Hay tres fases de laminitis:
- Subclínica: cambios internos pero pocos signos visibles.
- Aguda: señales de dolor claras y urgentes.
- Crónica: cambios permanentes en la estructura del casco, mayor riesgo de recurrencia.
Prevención: lo que puedes hacer
Prevenir es clave, especialmente porque los episodios de laminitis pueden predisponer al caballo a futuros eventos dolorosos.
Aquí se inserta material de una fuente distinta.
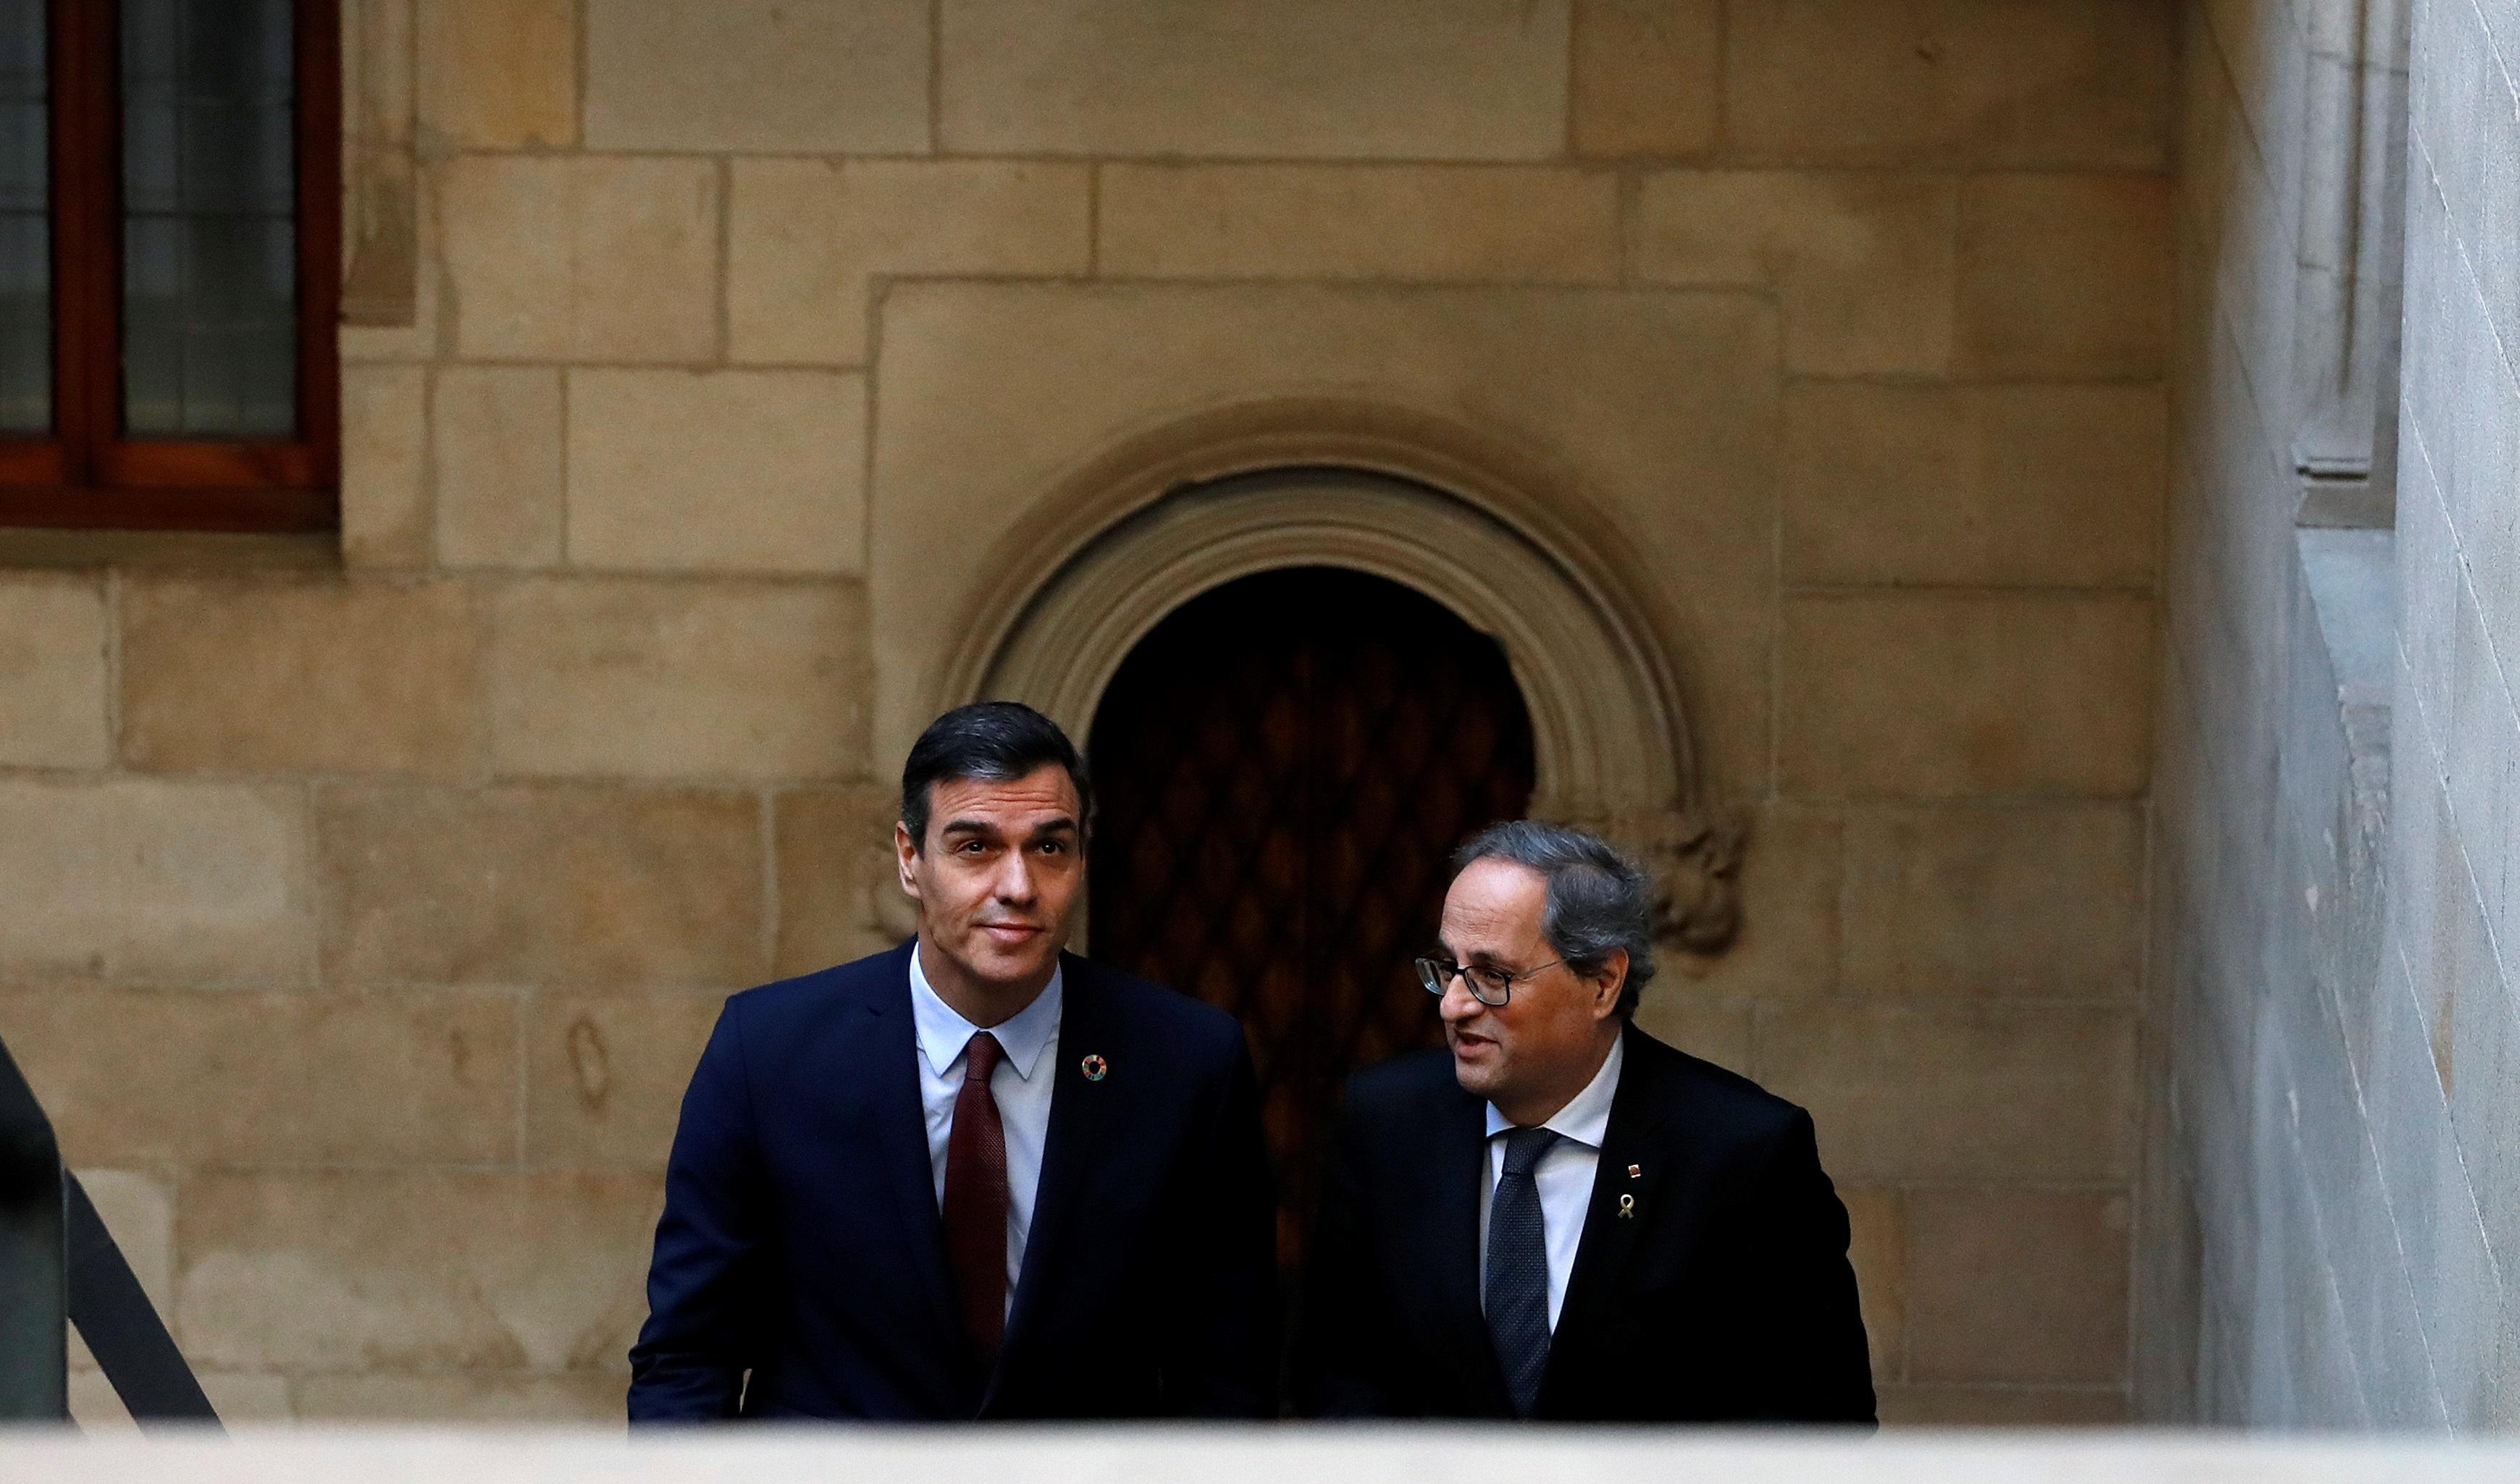 El presidente de la Generalitat Quim Torra (dech) y el presidente del Gobierno Pedro Sánchez (izq) a su llegada al Palau de la Generalita

Aquí van algunas estrategias eficaces:
🐴 Control de la dieta
- Evita pastos extremadamente ricos en azúcares, especialmente en primavera y verano.
- Ajusta la alimentación gradualmente y limita los granos o concentrados ricos en carbohidratos.
🐴 Mantenimiento del peso
- Mantén un peso corporal saludable mediante dieta equilibrada y ejercicio regular.
- Usa herramientas como la puntuación de condición corporal para evaluar el estado físico.
🐴 Ejercicio adecuado
Ejercicio regular y moderado ayuda a mantener una buena circulación y salud metabólica.
🐴 Cuidado de cascos
- Revisión y recorte o herrado adecuado por parte de un profesional.
- Revisa los cascos a diario para detectar calor, pulsos fuertes o cambios en la textura.
🐴 Atención veterinaria temprana
Ante cualquier duda o signo sospechoso, consulta a un veterinario para una valoración profesional y, si hace falta, tratamiento inmediato.
Conclusión
La laminitis es una afección compleja que requiere atención y manejo cuidadoso. Aunque puede tener consecuencias graves si no se trata, con prevención adecuada, vigilancia constante y el apoyo de profesionales veterinarios y herradores, muchos caballos pueden mantenerse cómodos y saludables, minimizando los riesgos de esta dolorosa enfermedad.